Prairie Lights Virtual – Zoom
Please join us for a reading and conversation with Sarah Fay to celebrate the release of her new book Pathological: The True Story of Six Misdiagnoses. She will be joined in conversation with Jen Percy.
To join this virtual event, register here.
Anthony Swofford, International and New York Times bestselling author of Jarhead, says of the book “Pathological is the best book I’ve read in many years. Masterfully written, distinctively researched, and deeply humane, it joins our finest literature on medicine and psychiatry and the eternal riddle we call our minds. Fay’s artful work is pleasingly unclassifiable: call it medical memoir; mental health thriller; comic punctuation primer; DSM and Big Pharma smackdown. I’ll just call it genius. It’s also contrarian, controversial, and beautifully, validly angry. If you or anyone you love has spent time in the mental health industrial complex (or, cauldron)—buy this book now and read it.”
Sarah Fay is an author and activist. Her writing appears in many publications, including Longreads, The New York Times, The Atlantic, Time Magazine, The New Republic, McSweeney’s, The Believer, and The Paris Review, where she served as an advisory editor. She’s the recipient of the Hopwood Award for Literature, as well as grants and fellowships from Yaddo, the Mellon Foundation, and the MacDowell Colony, among others. She’s the founder of Pathological: The Movement (www.pathological.us.), a public awareness campaign devoted to making people aware of the unreliability and invalidity of DSM diagnoses and the dangers of identifying with an unproven mental illness. For more, visit www.sarahfay.org.

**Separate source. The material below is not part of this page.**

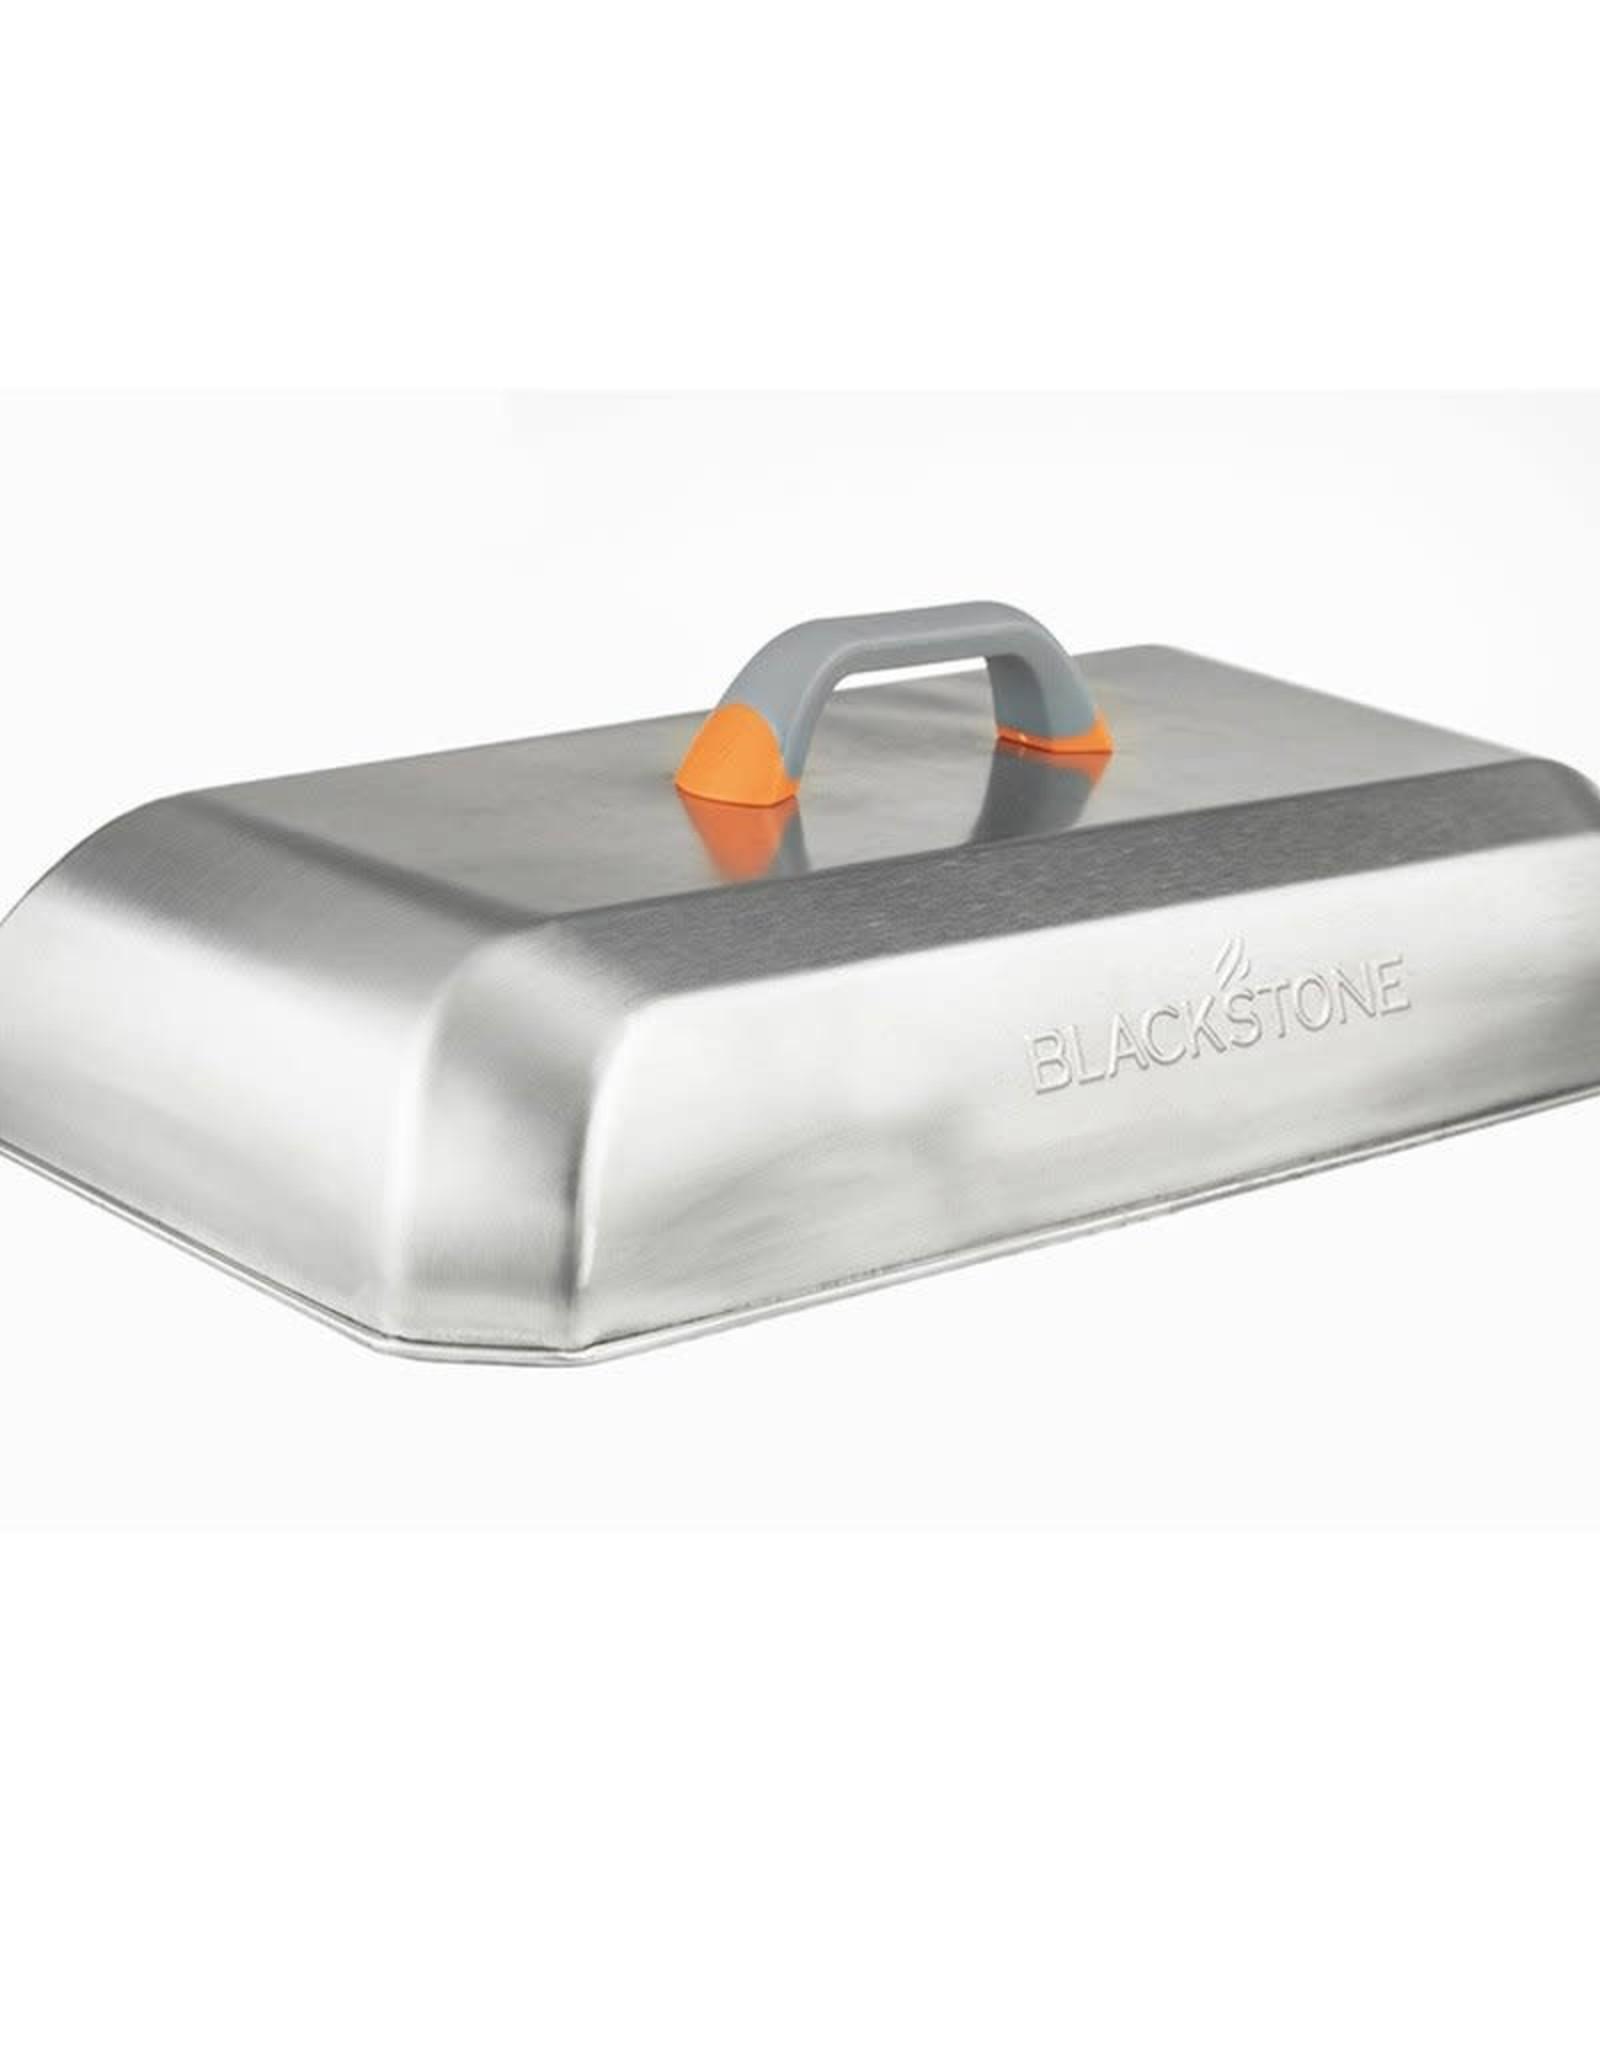 Blackstone Blackstone Signature XL Basting Cover 5208

Jen Percy is a graduate of the Iowa Writers’ Workshop, where she received a Truman Capote Fellowship in fiction. She also received an Iowa Arts Fellowship from Iowa’s Nonfiction Writing Program. Winner of a Pushcart Prize and a grant from the National Endowment for the Arts, her work has appeared in a number of magazines, including Harper’s, The New Republic, and The Oxford American. She teaches writing at New York University.